The characteristics and clinical data for the years 2018 to 2022 and the results of the trend tests are summarized in Table 1. The rates of bDMARD or tsDMARD, MTX, and GC use were 53.9%, 69.4%, and 19.4%, respectively. The mean CDAI and HAQ-DI were 4.2±4.5 and 0.3±0.6. This study found that 41.8% of patients received pharmacotherapy for osteoporosis. The adherence rates for denosumab, teriparatide, romosozumab, bisphosphonate, selective estrogen receptor modulator, and active vitamin D were 95.6%, 86.9%, 94.5%, 93.7%, 99.2%, and 97.7%, respectively. Vertebral fractures were noted in 26.3% of patients. The mean T-scores in the LS, TH, and FN 2018 were −0.7±1.4, −1.3±1.0, and −1.7±1.1, respectively. Additionally, the standard error of the mean Tscores in the LS, TH, and FN were 0.08, 0.06, and 0.06, respectively. In 2019, 2020, 2021, and 2022, the mean T-scores in the LS changed by −0.7±1.3, −0.6±1.4, −0.6±1.4, and −0.5±1.4, respectively; those in the TH changed by −1.3±1.0, −1.3±1.0, −1.3±1.0, and −1.3±1.0; and those changed by −1.8±1.0, −1.8±1.0, −1.8±1.0, and −1.7±1.0. The minimal clinically important difference (MCID) in the T-scores was calculated based on 2018. These values for the LS were 0.228 in 2019, 0.241 in 2020, 0.268 in 2021, and 0.317 in 2022; those for the TH were 0.203 in 2019, 0.197 in 2020, 0.252 in 2021, and 0.235 in 2022; and those for the FN were 0.258 in 2019, 0.275 in 2020, 0.305 in 2021, and 0.281 in 2022. Based on the MCID, the T-score did not significantly change for any site.

The prevalence rates of new vertebral fractures in 2018-2019, 2019-2020, 2020-2021, and 2021-2022 were 2.0%, 1.3%, 2.3%, and 2.0%, respectively.
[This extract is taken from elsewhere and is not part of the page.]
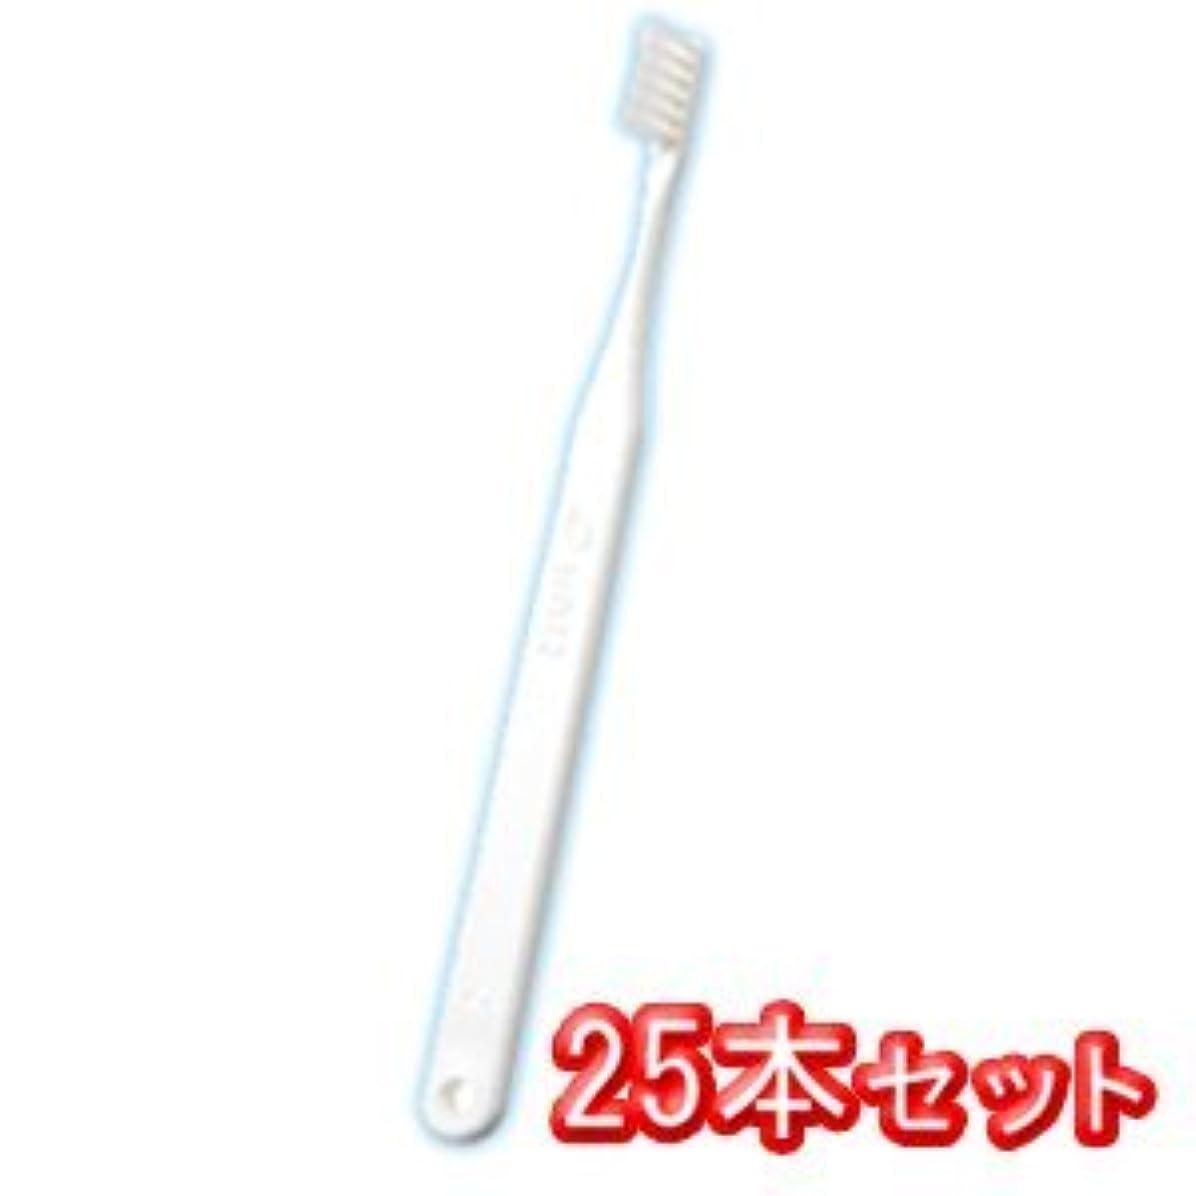 美容師共産主義残るタフト12 歯ブラシ 25本入 ミディアム M ホワイト

Results of analyses of factors associated with new vertebral fractures are summarized in Table 2. Univariate analysis revealed that the significant variables were the presence of vertebral fractures (P<0.001), and T-scores in the LS (P=0.002), TH (P= 0.003), and FN (P<0.001). In the multivariate analysis, the presence of existing vertebral fractures was associated with new vertebral fractures (P=0.003; OR, 0.241; 95% CI, 0.093-0.624).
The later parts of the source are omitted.